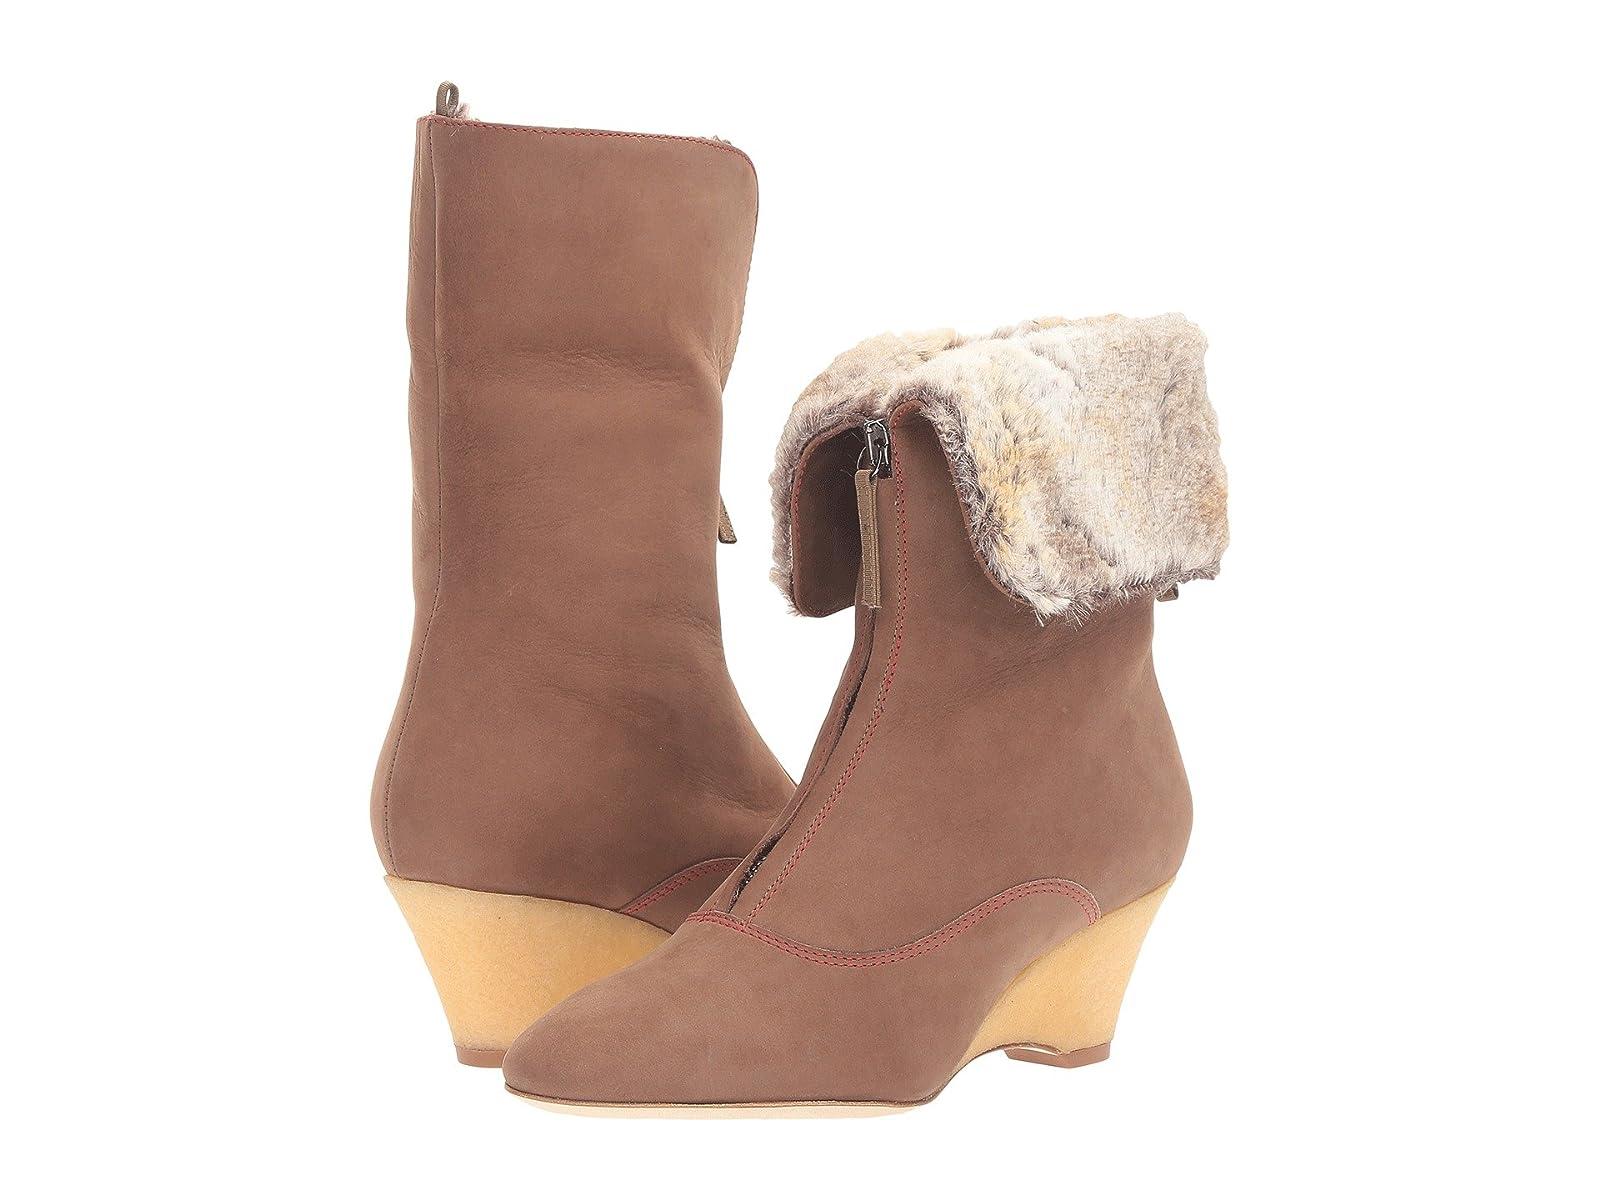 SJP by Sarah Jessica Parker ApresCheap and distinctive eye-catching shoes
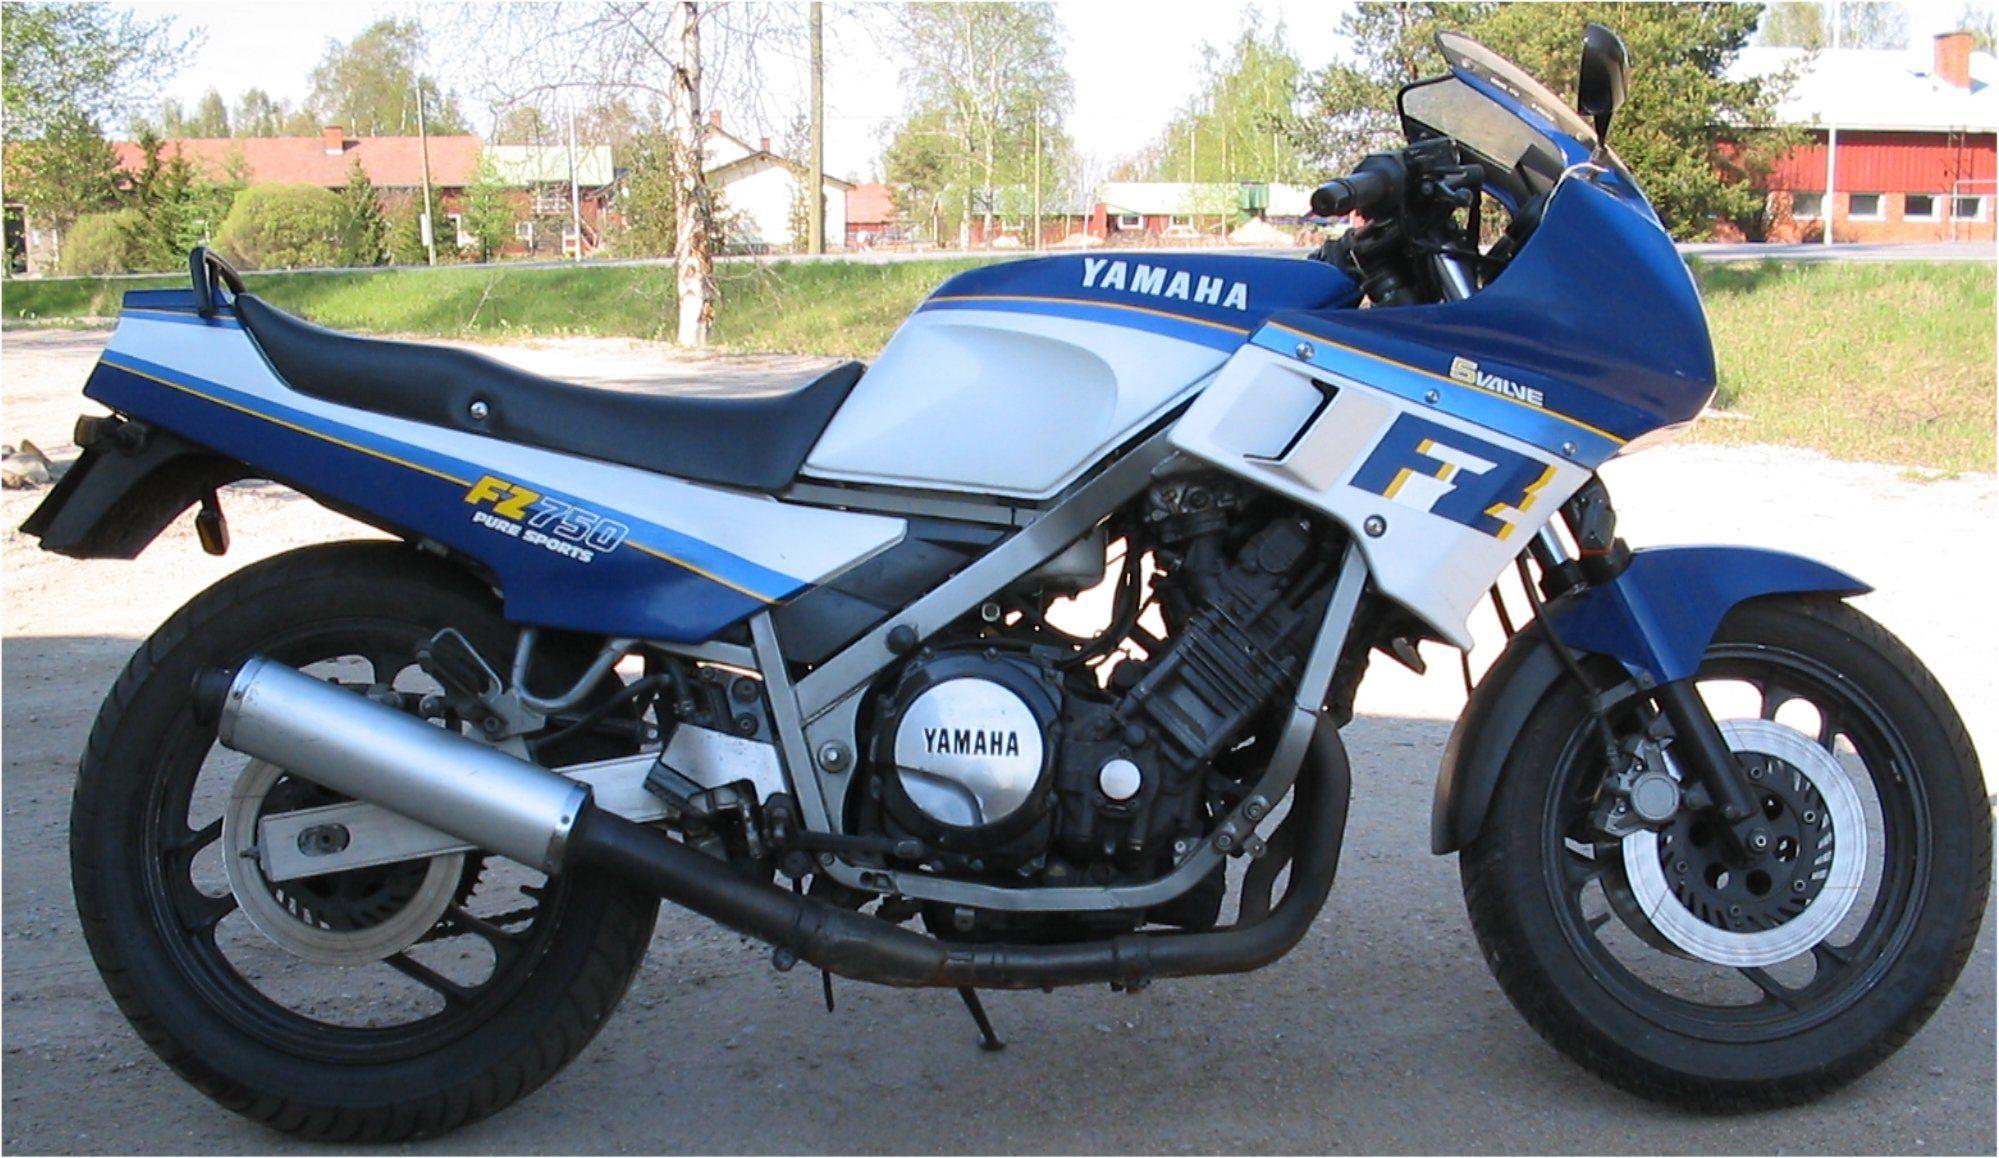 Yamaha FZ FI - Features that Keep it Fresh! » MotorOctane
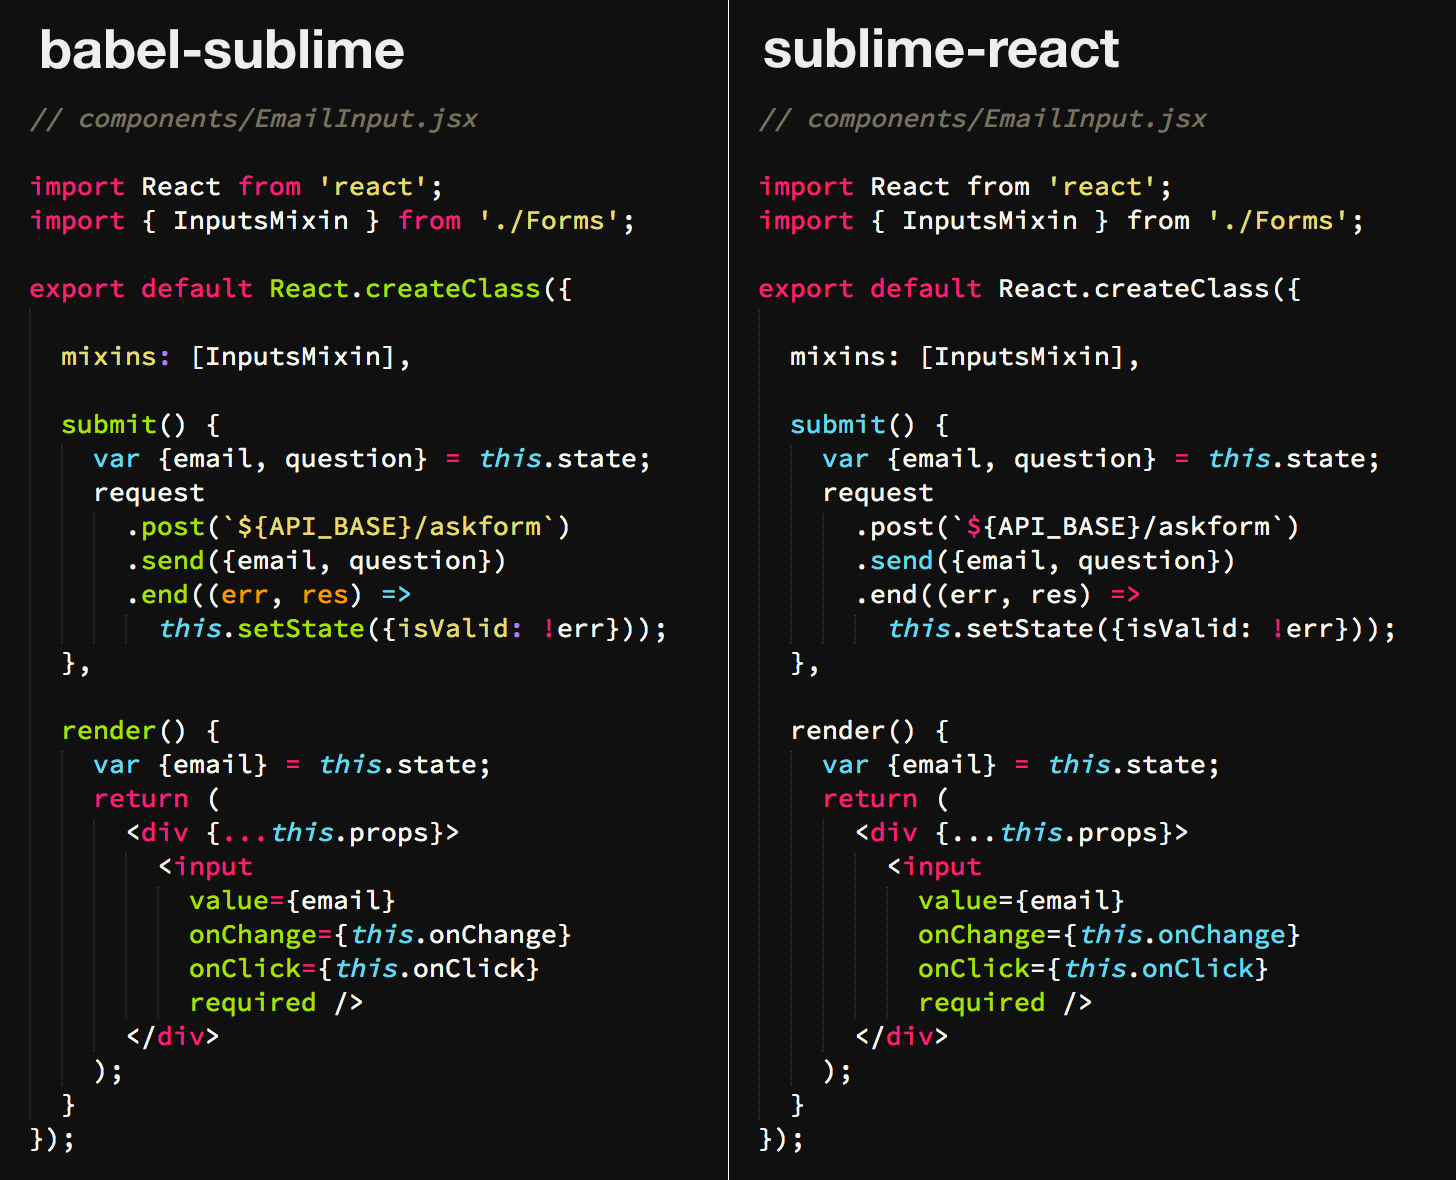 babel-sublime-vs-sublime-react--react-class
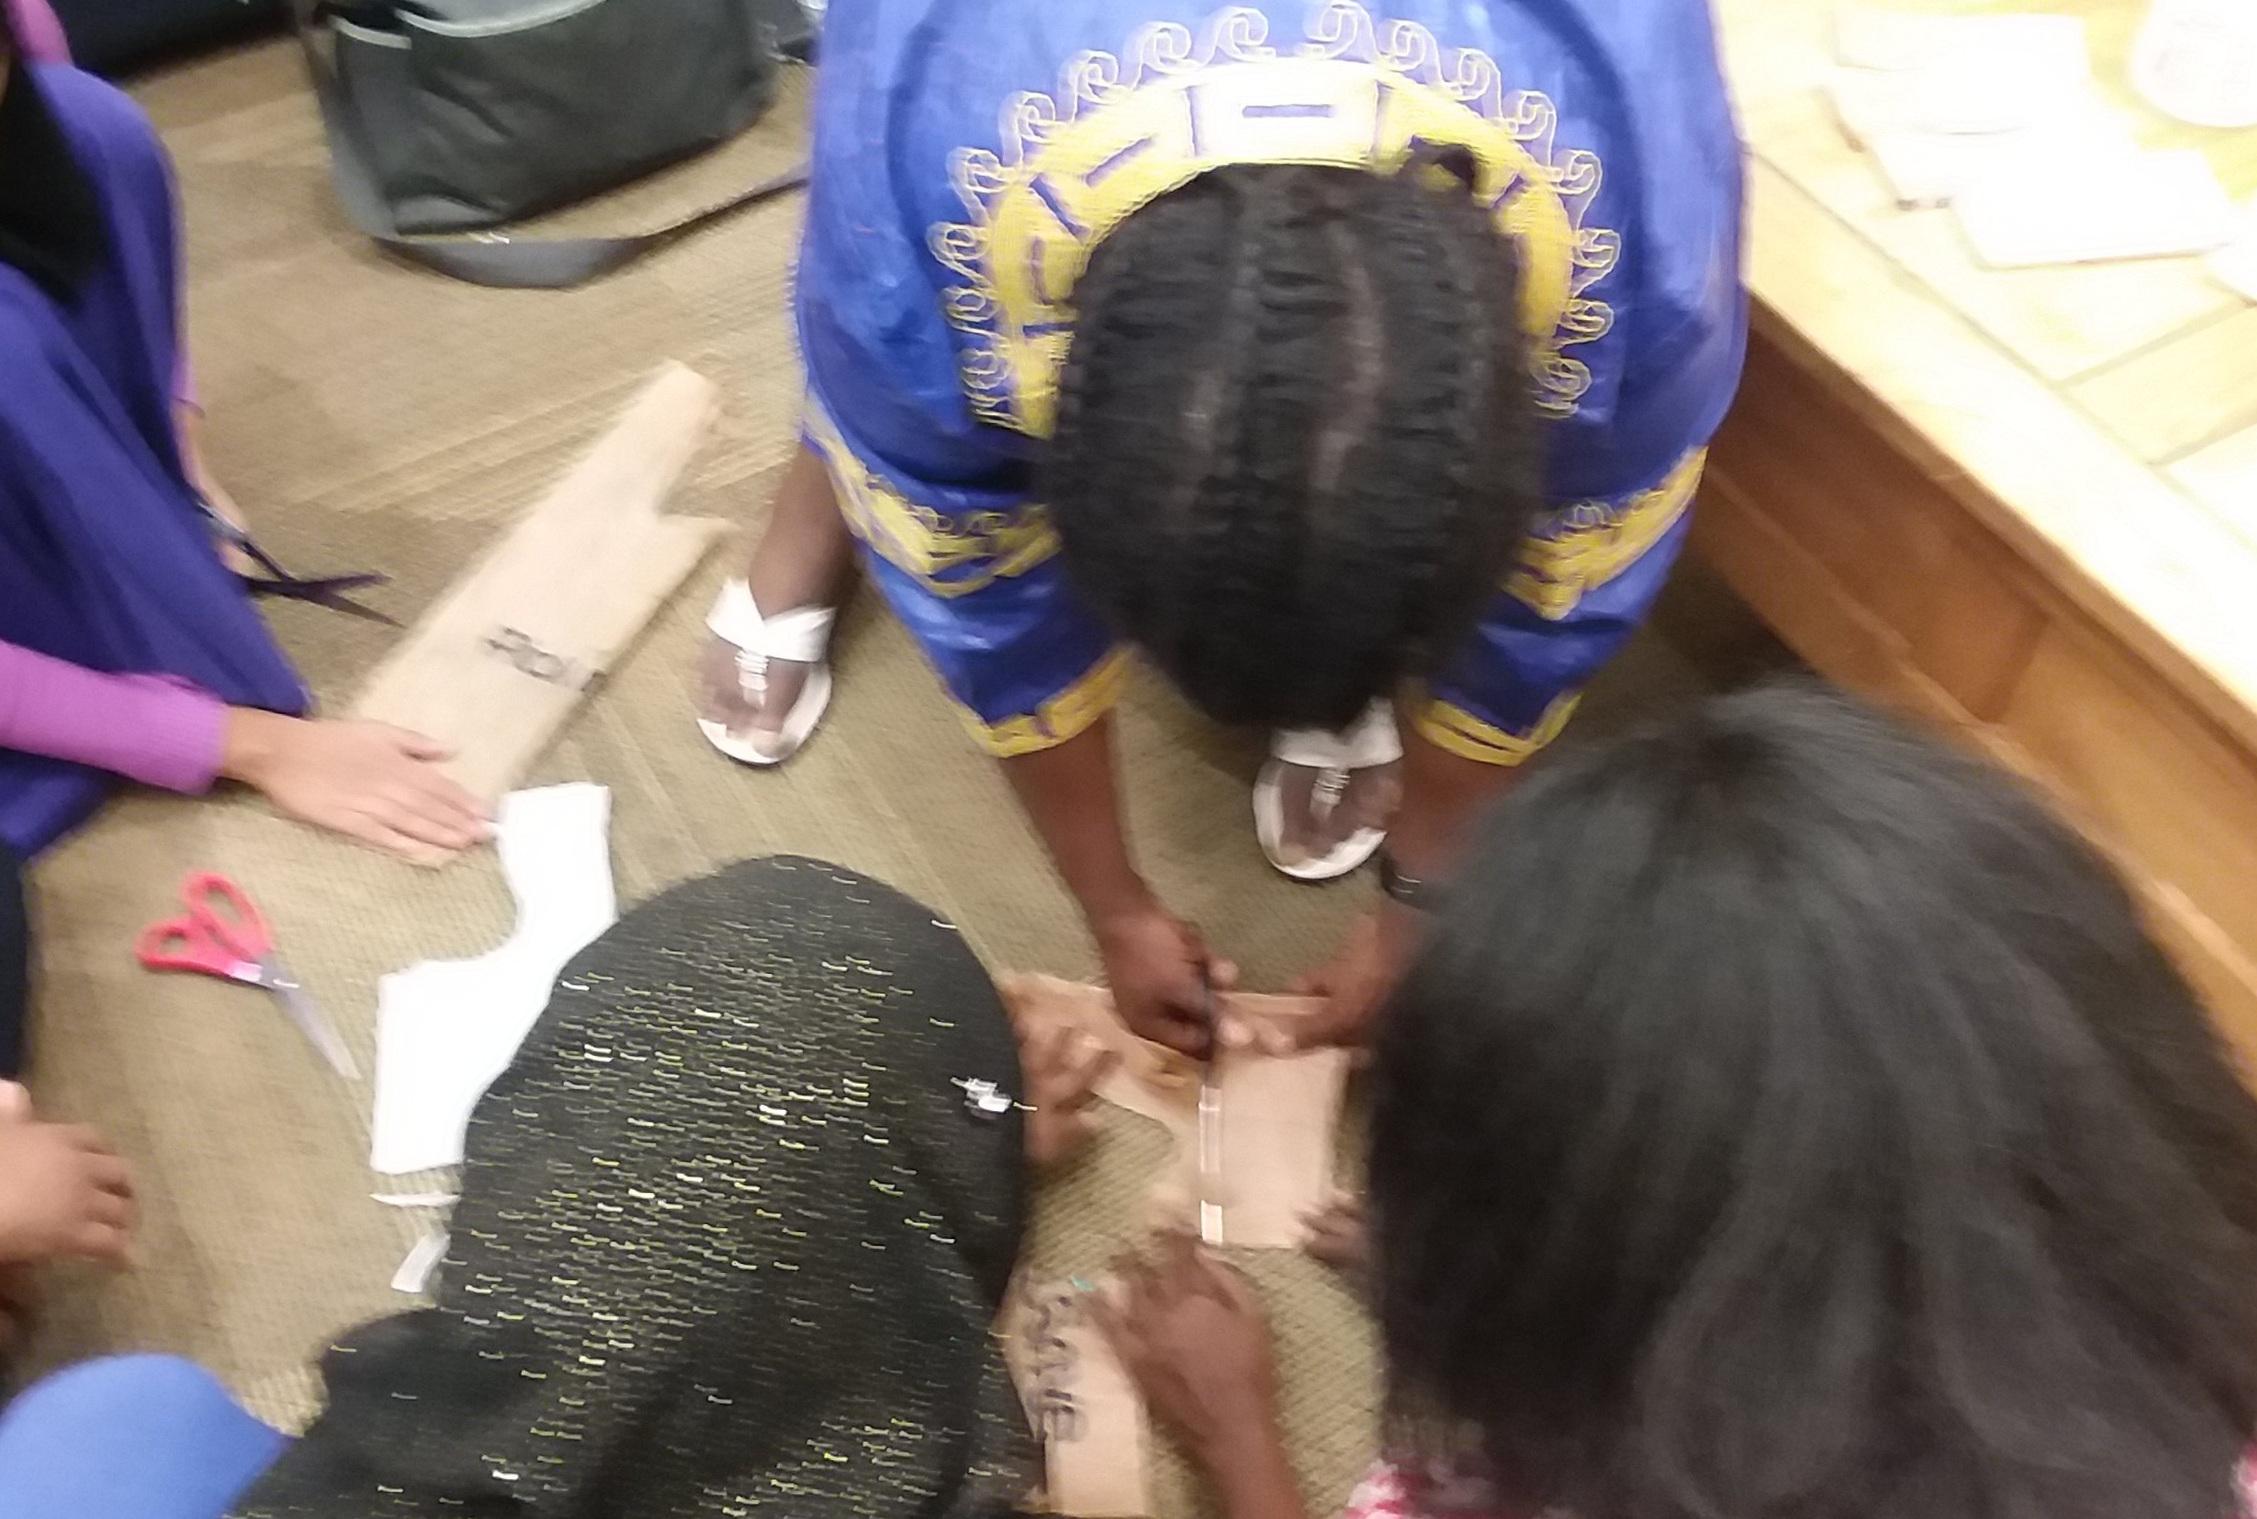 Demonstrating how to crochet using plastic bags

- [DIRECTIONS]: Your copy should match the material above exactly, minus its pictures.

- [TASK SOLUTION]:
 SJP by Sarah Jessica Parker ApresCheap and distinctive eye-catching shoes
 Yamaha FZ FI - Features that Keep it Fresh! » MotorOctane
 babel-sublime-vs-sublime-react--react-class
 Demonstrating how to crochet using plastic bags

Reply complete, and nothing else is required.